Within the Medina’s thick sandstone walls lie thousands of flat-topped houses. Viewed from a distance, they are impenetrably dense and complex, like a nest built by cubist termites – a room over a neighbour’s stairs here, another room stretching over next-door’s kitchen. The houses offer blind faces to the street; the only clue to what lies within are their intriguing doorways, decorated with intricately carved wood or with hinges showing the hand of Fatima, the Prophet’s daughter, whose influence is believed to ward off the evil eye.

As is the case everywhere in the Medina, the dwellings of the rich sit next door to those of the poor, although all appear similarly drab from without. In Islamic philosophy, God and family are more important than showing your wealth to the outside world. Scattered among the houses are green-tiled minarets, from where five times a day a melodic voice echoes across the rooftops. Then another joins in, and another and another, until the whole city reverberates with the muezzins’ calls to prayer.

There were aspects of Morocco we found confronting – the beggars, child labour, animals being treated as simply tools or pests. But the negative factors were part of a complex society, and were off set by the warmth of the people, the cultural and historical richness. It was a country where we both felt more alive than anywhere else, our every sense engaged.

Back at home in Brisbane after that first trip, our far too expensive Berber carpet – the colour of sunset on the sands of the Sahara – lay on the floor of our living room, reminding us of the sensual beauty of Morocco, and of our ignorance of the traps of that enormously different and distant culture. We found it hard to settle down. The advertising that bombarded us daily seemed more intense, the supermarkets soulless. Most of the food sold there was so far from its origins as to be unrecognisable, obscured by packaging designed to conceal the contents. Even the fruit and vegetables were plastic-wrapped, some of them coming from halfway around the world for me to buy, wilted, at many times the original price. And we in the ‘developed’ world were under the illusion that we had the best of everything.

Where were the lively, crowded markets that echoed the way humans had traded for centuries? Where was the produce piled high in the open, direct from the farm, allowed to ripen on the vine or on the tree or in the earth, and only available in season? In Moroccan markets you could smell, handle and often taste things before buying. You looked the farmer or the stallholder in the eye as you quibbled in a good-natured way about the quality and price.

On days when the walls seemed to be closing in, I would trawl the Internet, looking at sites on Morocco. Among them were a number offering real estate for sale, and slowly an idea started to form. Why not buy a house there? Living in Morocco for part of the year would enable us to explore its radically different reality in a much more profound way than just visiting. The
notion
seemed fantastical, but it grabbed my imagination and began to dominate my daydreams. I had a romantic vision of ancient walls touched by golden light, within which generations of lives had been lived. A house waiting for us to save it, to bring it back to what it once was – but perhaps with a better bathroom.

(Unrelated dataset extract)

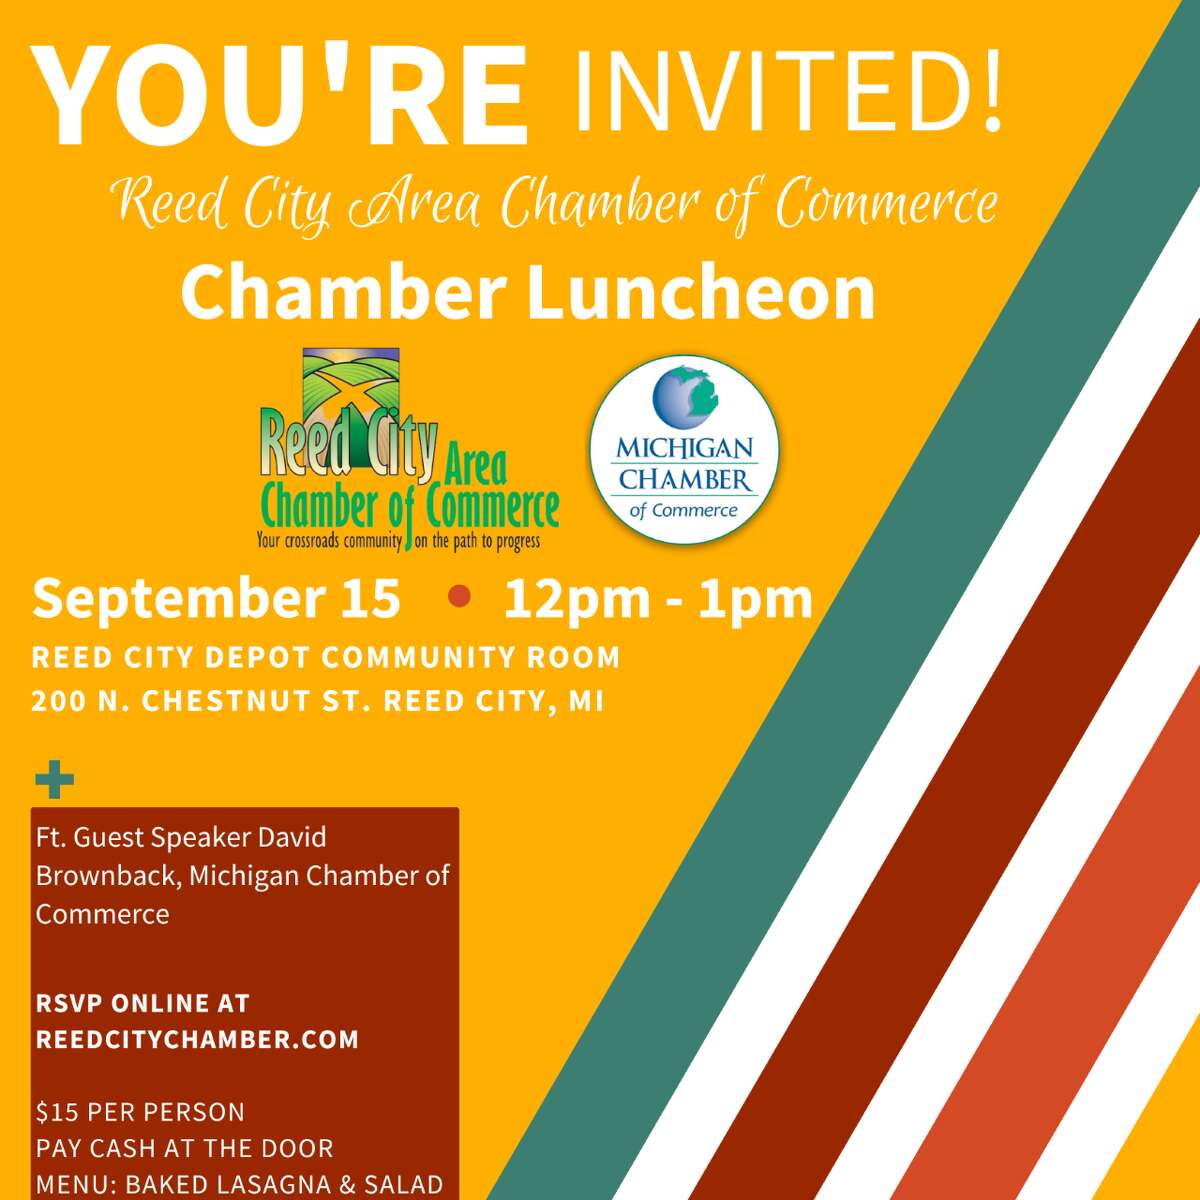 The Reed City Chamber of Commerce is having a luncheon with the Michigan Chamber of Commerce.

One of the reasons Sandy and I get on so well is that he never stops me from pursuing mad schemes; in fact he frequently gets more caught up in them than I do, usually about the time I’m getting cold feet. In the decade we’ve been together, his enthusiasm has got many of our projects over the line, and so it was in this case. Watching me become frustrated with high-priced houses in tourist enclaves, he said, ‘Why don’t you look for a house in Fez?’